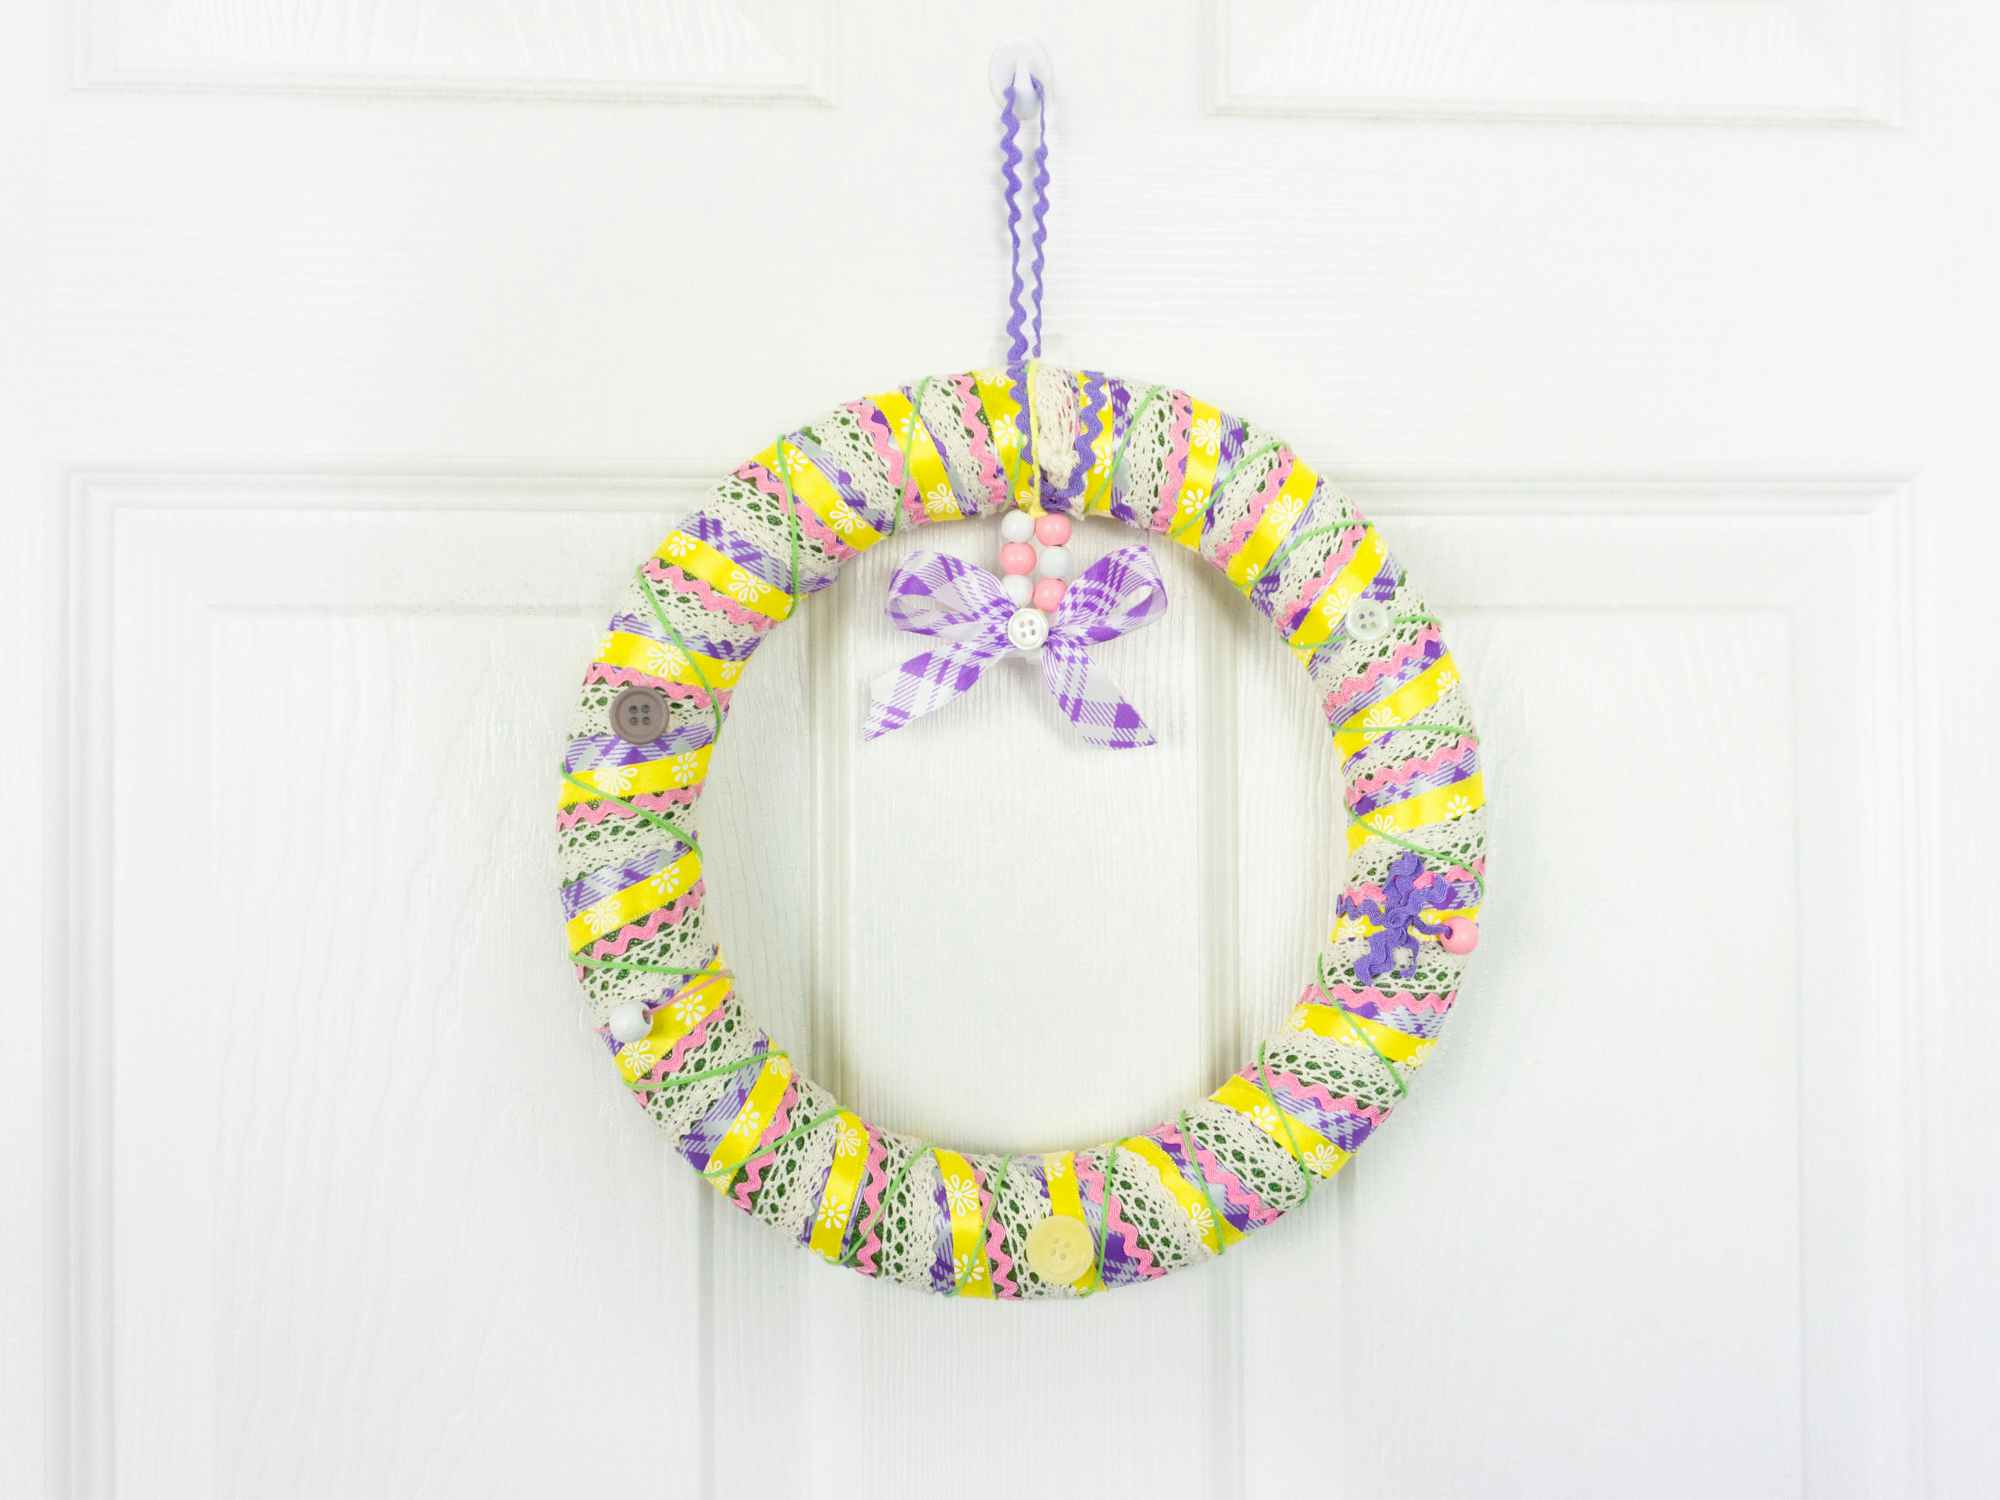 A completed ribbon wrapped wreath hanging on a white door
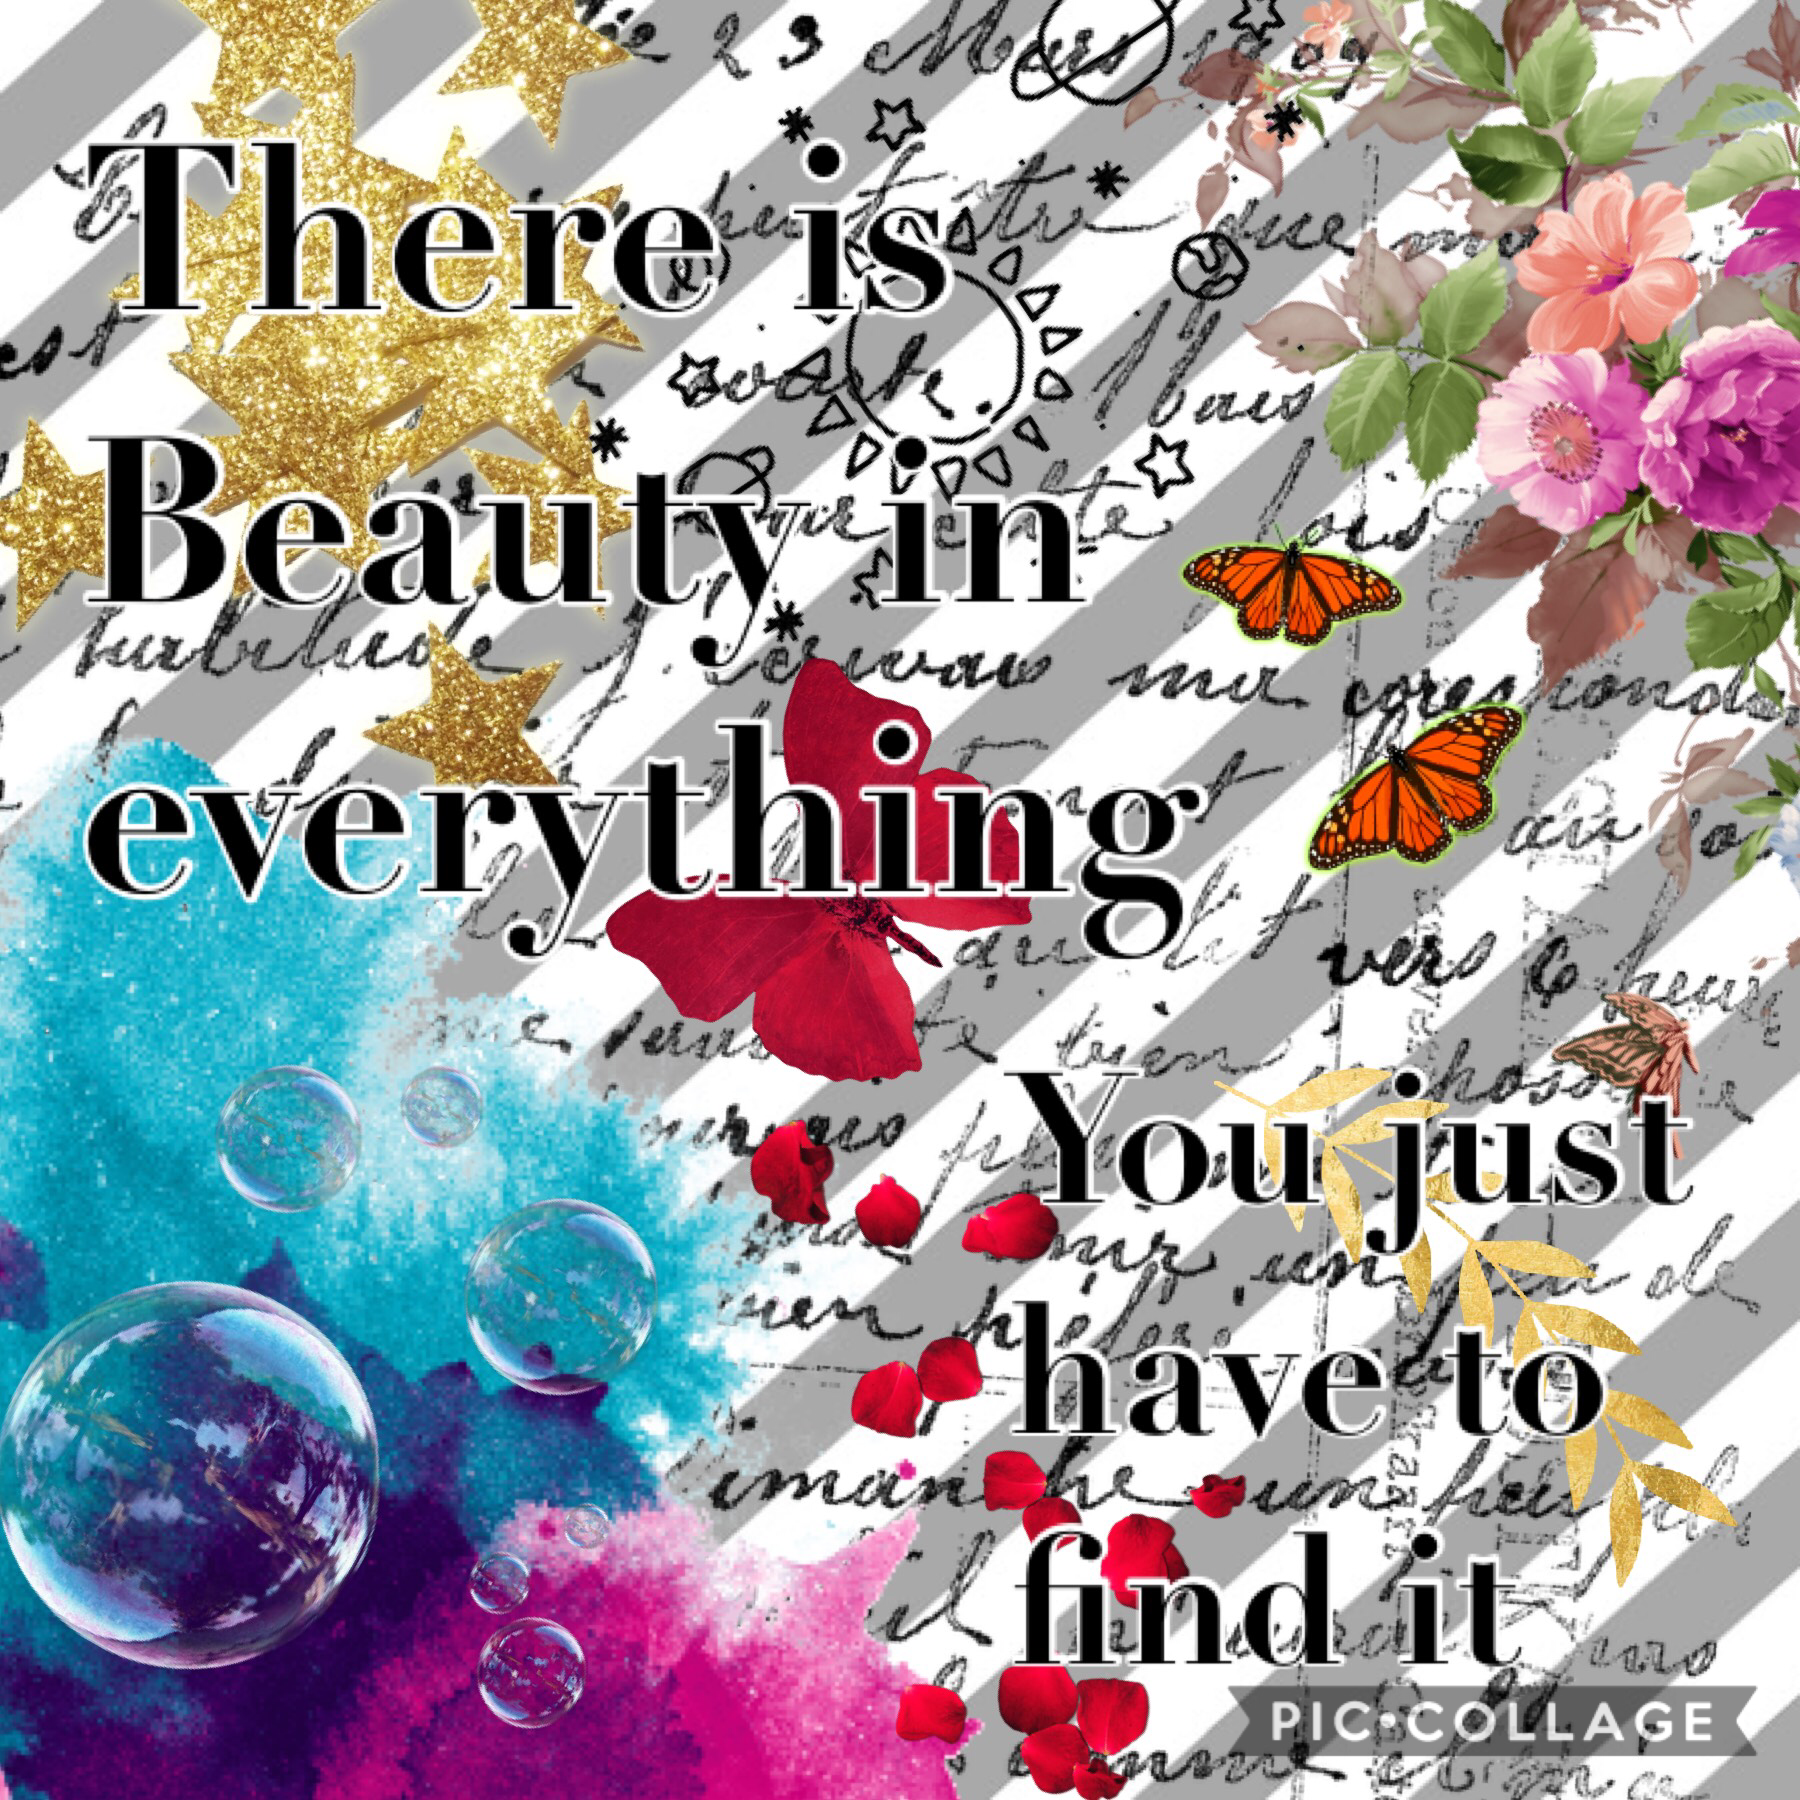 There is beauty in everything
You just have to find it

■ **Work task**
Line by line, output the material above exactly, passing over the pictures.

■ **Reply to the task**
 A completed ribbon wrapped wreath hanging on a white door
 There is beauty in everything
You just have to find it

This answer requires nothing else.